__Input data__:
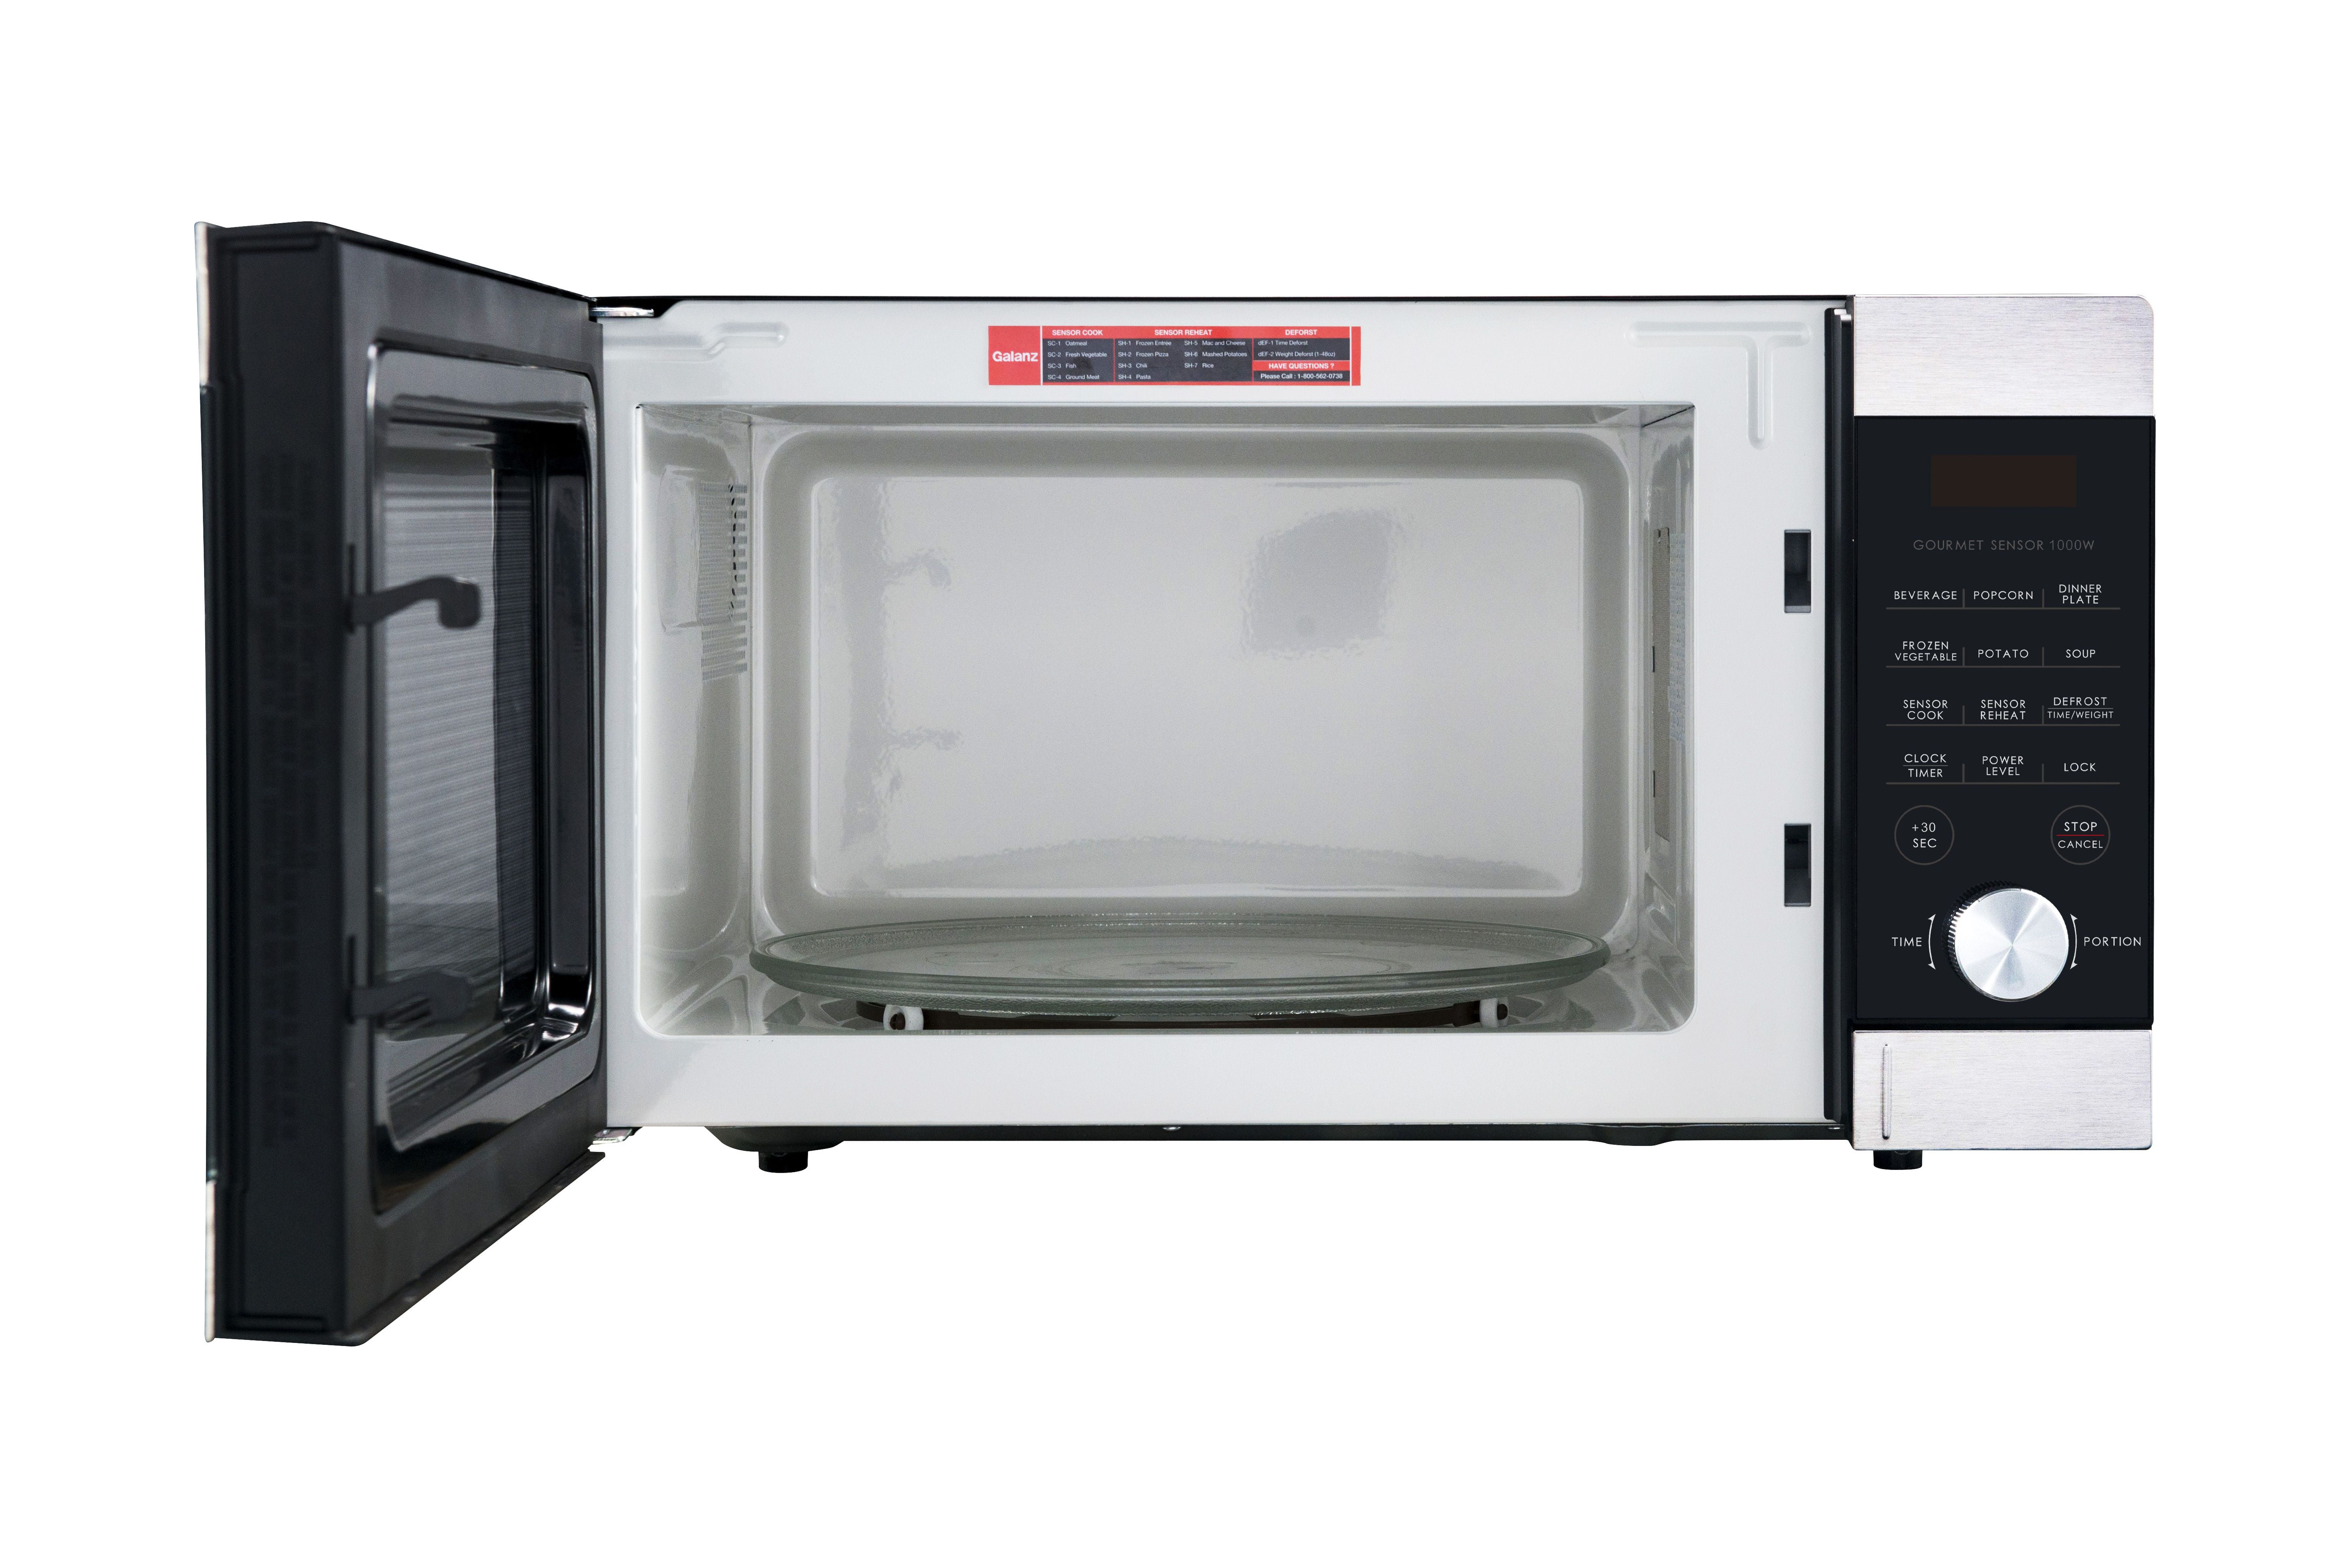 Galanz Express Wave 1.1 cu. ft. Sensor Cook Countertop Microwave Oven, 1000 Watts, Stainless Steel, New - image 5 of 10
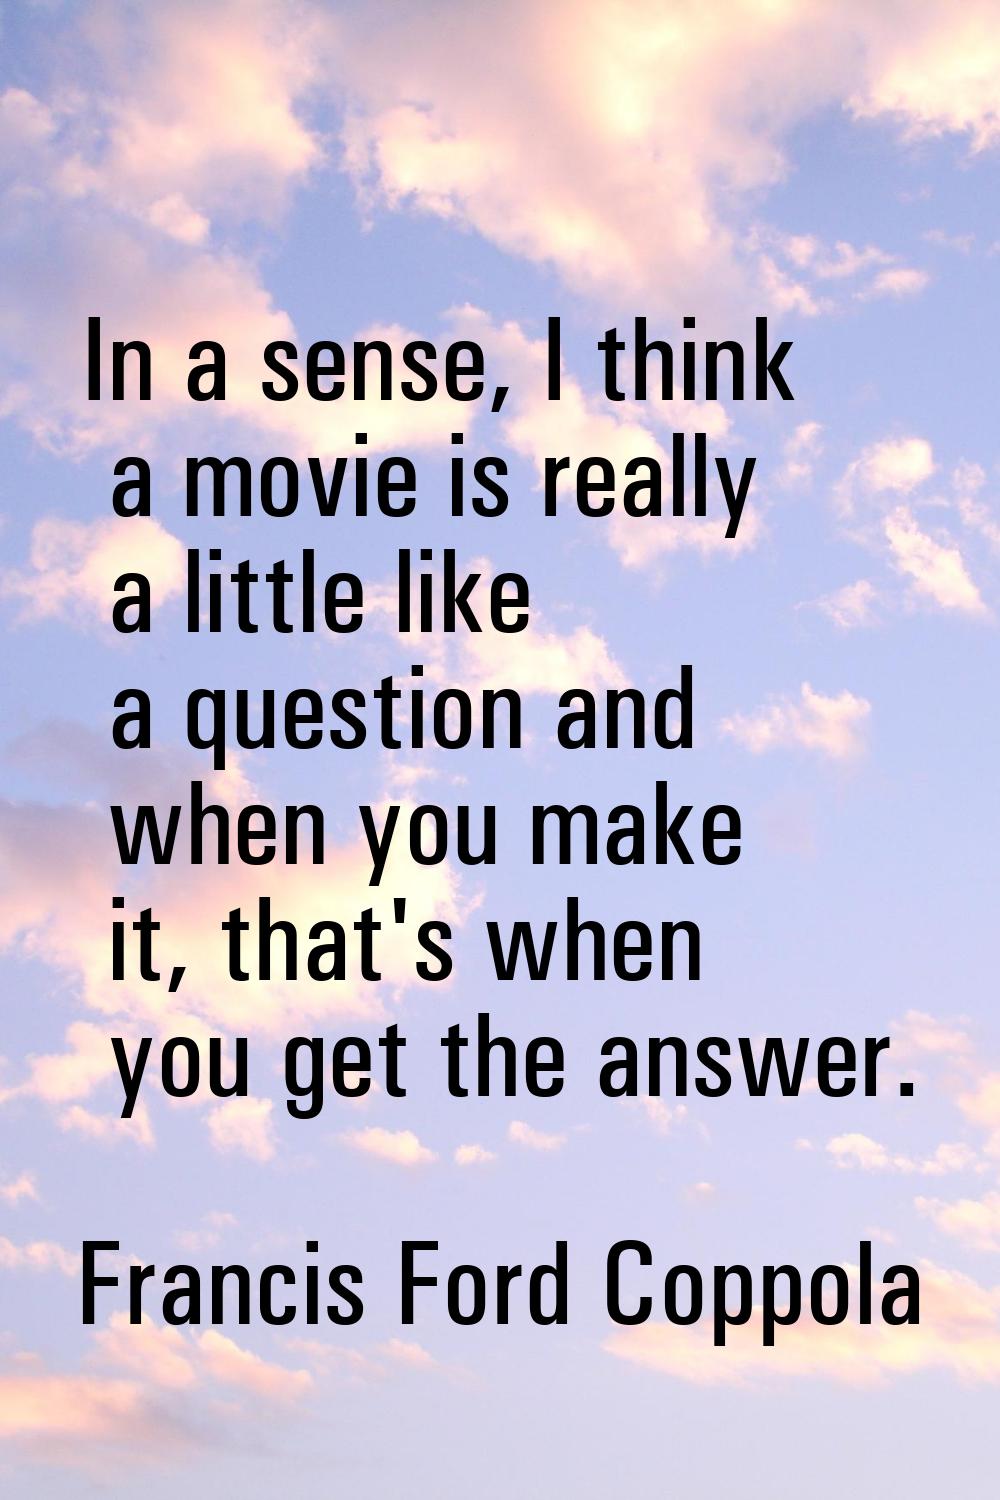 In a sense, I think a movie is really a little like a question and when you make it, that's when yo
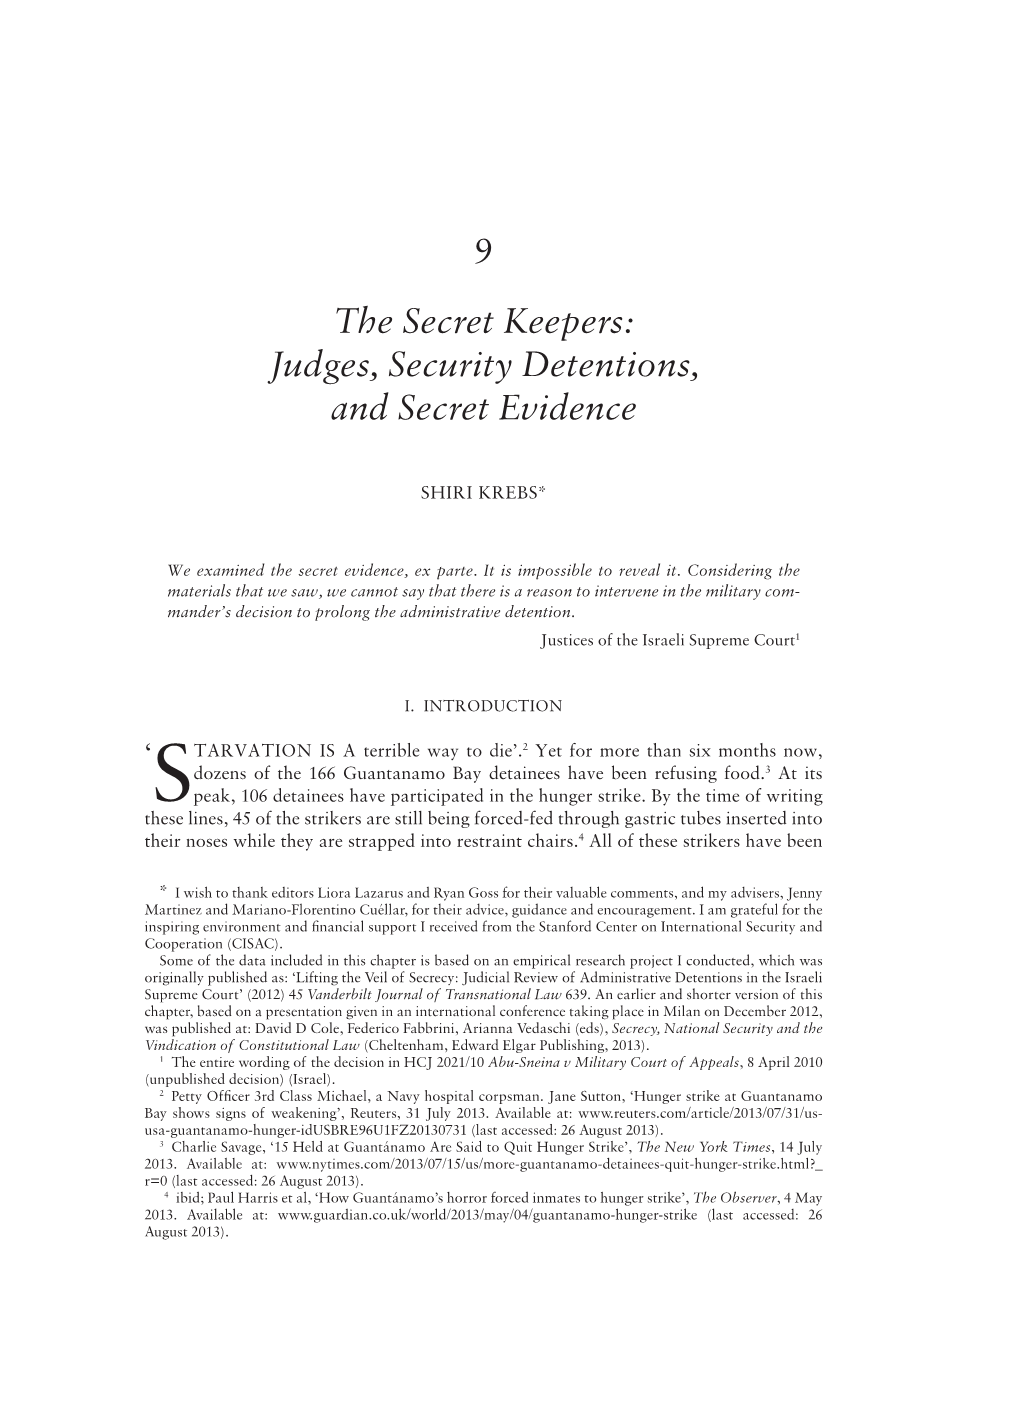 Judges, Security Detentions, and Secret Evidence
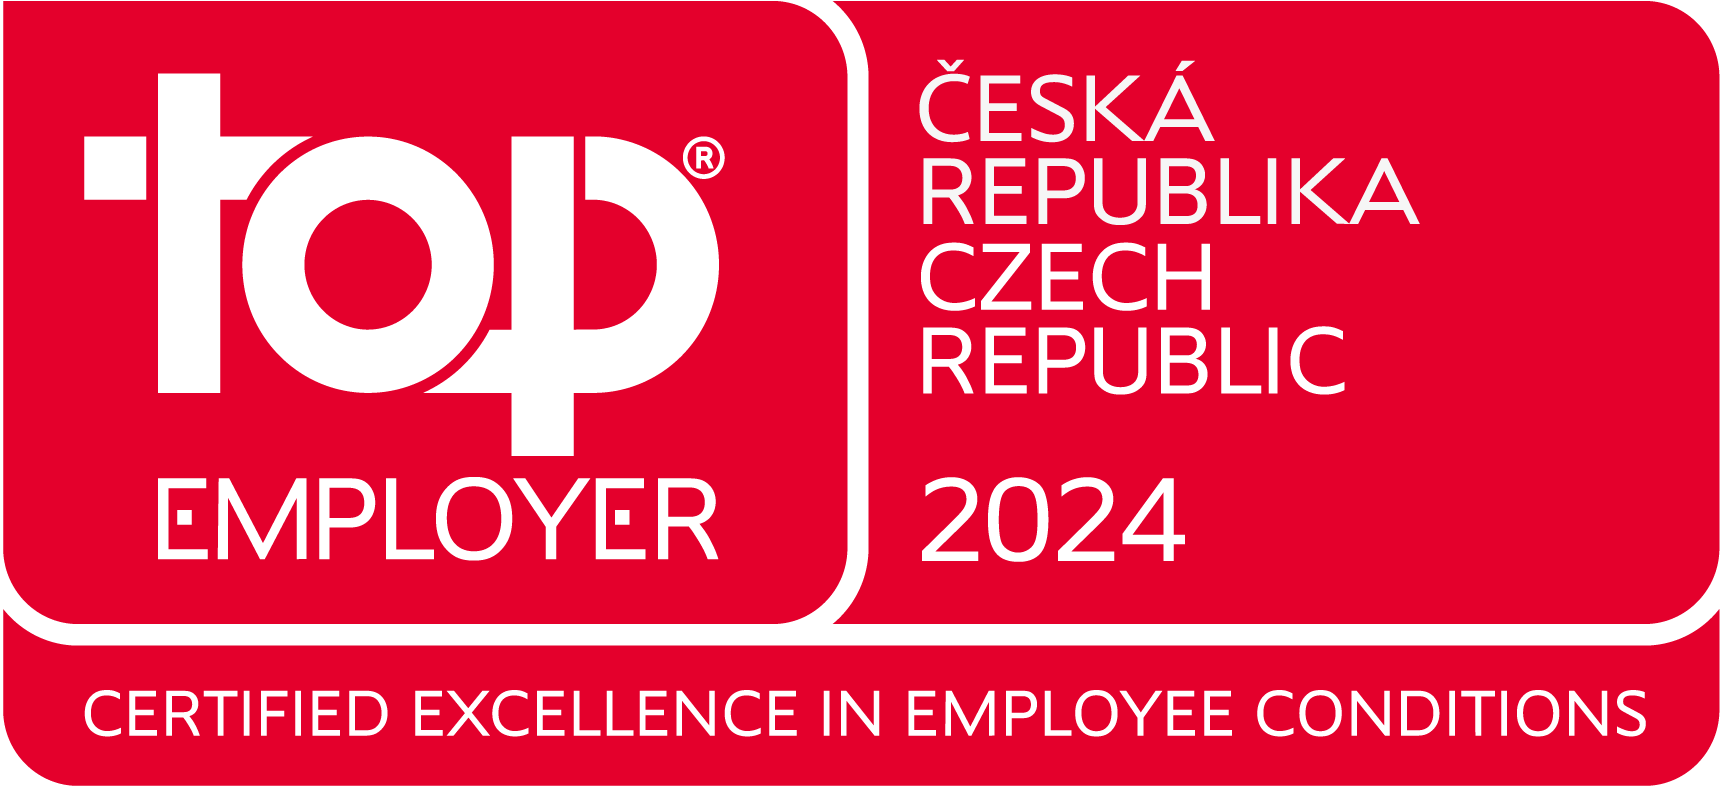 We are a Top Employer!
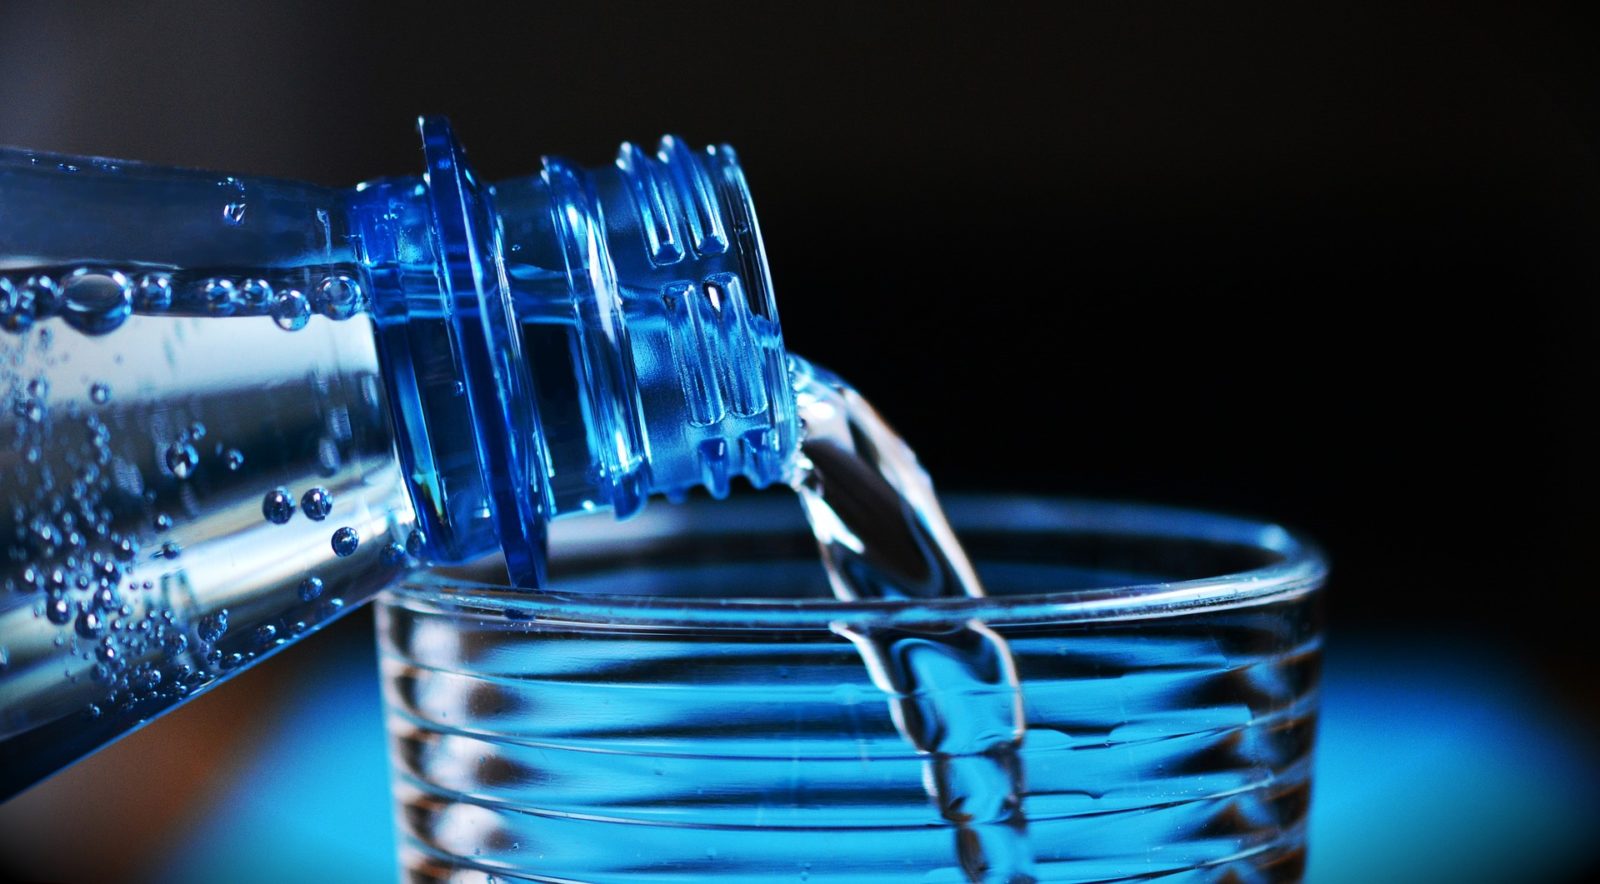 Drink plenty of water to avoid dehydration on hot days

__Problem requirements__: The entries are to be copied exactly, and each image is to be omitted.

__Exercise answer__:
 Galanz Express Wave 1.1 cu. ft. Sensor Cook Countertop Microwave Oven, 1000 Watts, Stainless Steel, New - image 5 of 10
 In a sense, I think a movie is really a little like a question and when you make it, that's when yo
 Judges, Security Detentions, and Secret Evidence
 We are a Top Employer!
 Drink plenty of water to avoid dehydration on hot days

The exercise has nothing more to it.